Le juge aux affaires familiales de Saint-Nazaire, le 18 août 2025, a prononcé un divorce par acceptation du principe de la rupture du mariage. Les époux, mariés en 1997, avaient présenté des propositions relatives à la liquidation de leurs intérêts patrimoniaux et sollicité le report des effets du divorce à une date correspondant à leur séparation. La cause a été entendue à l’audience du 24 mars 2025 et le jugement, contradictoire, a été mis à disposition au greffe, avec prorogation, à la date susvisée.

Les faits utiles tiennent à une rupture entérinée par une acceptation conjointe du principe, sans discussion des griefs. Les parties ont renoncé à toute prestation compensatoire et envisagé un partage notarié. La séparation de fait était fixée au 17 mai 2024, date proposée pour régir le report des effets du divorce à l’égard des biens.

Sur le plan procédural, les époux ont saisi le juge d’une demande de divorce accepté au visa des articles 233 et 234 du code civil, en assortissant la demande d’un report des effets sur le fondement de l’article 262-1. Aucune décision antérieure n’est mentionnée. Les prétentions concordantes portaient sur la dissolution du mariage sans considération des torts, la fixation de la date d’effet patrimonial et l’organisation d’un partage amiable, à défaut judiciaire.

La question posée était double. Il s’agissait, d’une part, de cerner l’office du juge face à une acceptation du principe de la rupture, irrévocable, et, d’autre part, d’apprécier les conditions du report des effets du divorce à une date antérieure au jugement au regard de l’article 262-1. La solution retient le divorce sur le fondement des articles 233 et 234, ordonne le report des effets au 17 mai 2024 et rappelle les accessoires légaux, notamment la perte de l’usage du nom, la publicité et la révocation de plein droit des avantages matrimoniaux.

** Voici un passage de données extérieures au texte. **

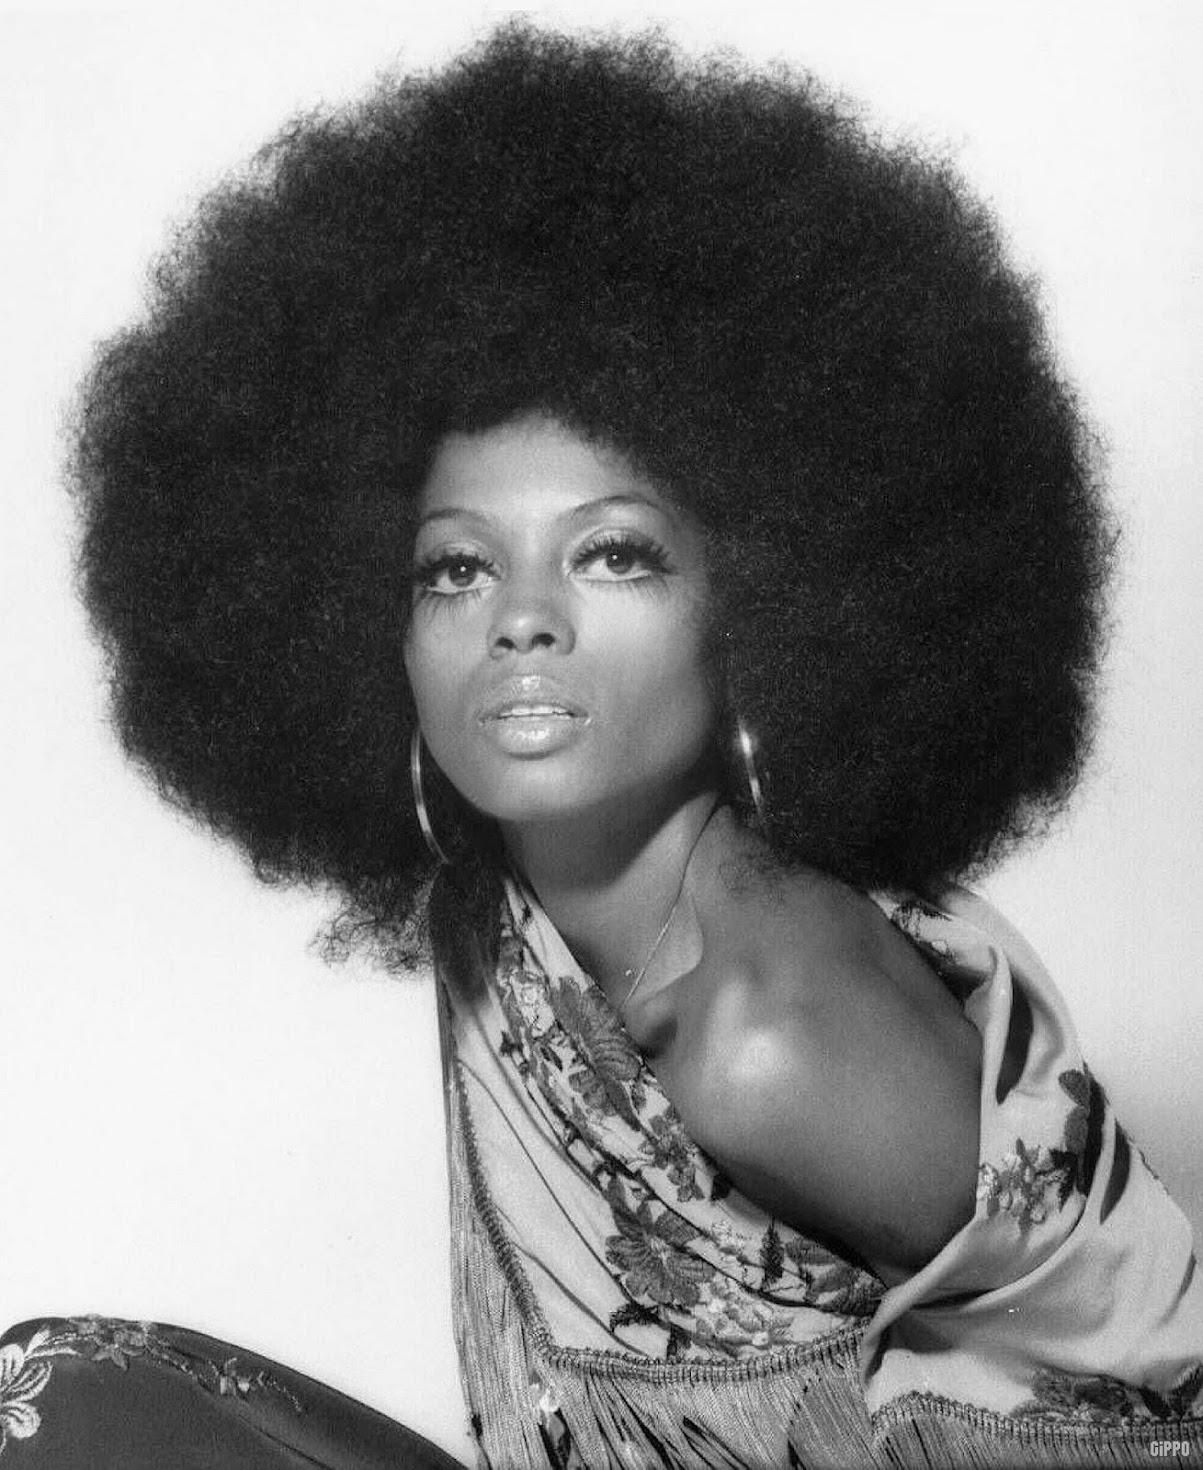 http://2.bp.blogspot.com/-InkKNxc3dbs/UT9qmBfrAgI/AAAAAAAATgM/-ZLExKJpbaM/s1470/Beautiful+Curly+Hair+02.jpg

Le dispositif énonce ainsi, notamment, « CONSTATE que des propositions ont été effectuées quant au règlement des intérêts pécuniaires et patrimoniaux des parties ; », puis « ORDONNE le report des effets du divorce dans le rapport entre les parties concernant les biens à la date du 17 mai 2024 ; », et « RAPPELLE qu'à compter du divorce, les parties perdent l'usage du nom de leur conjoint ; ».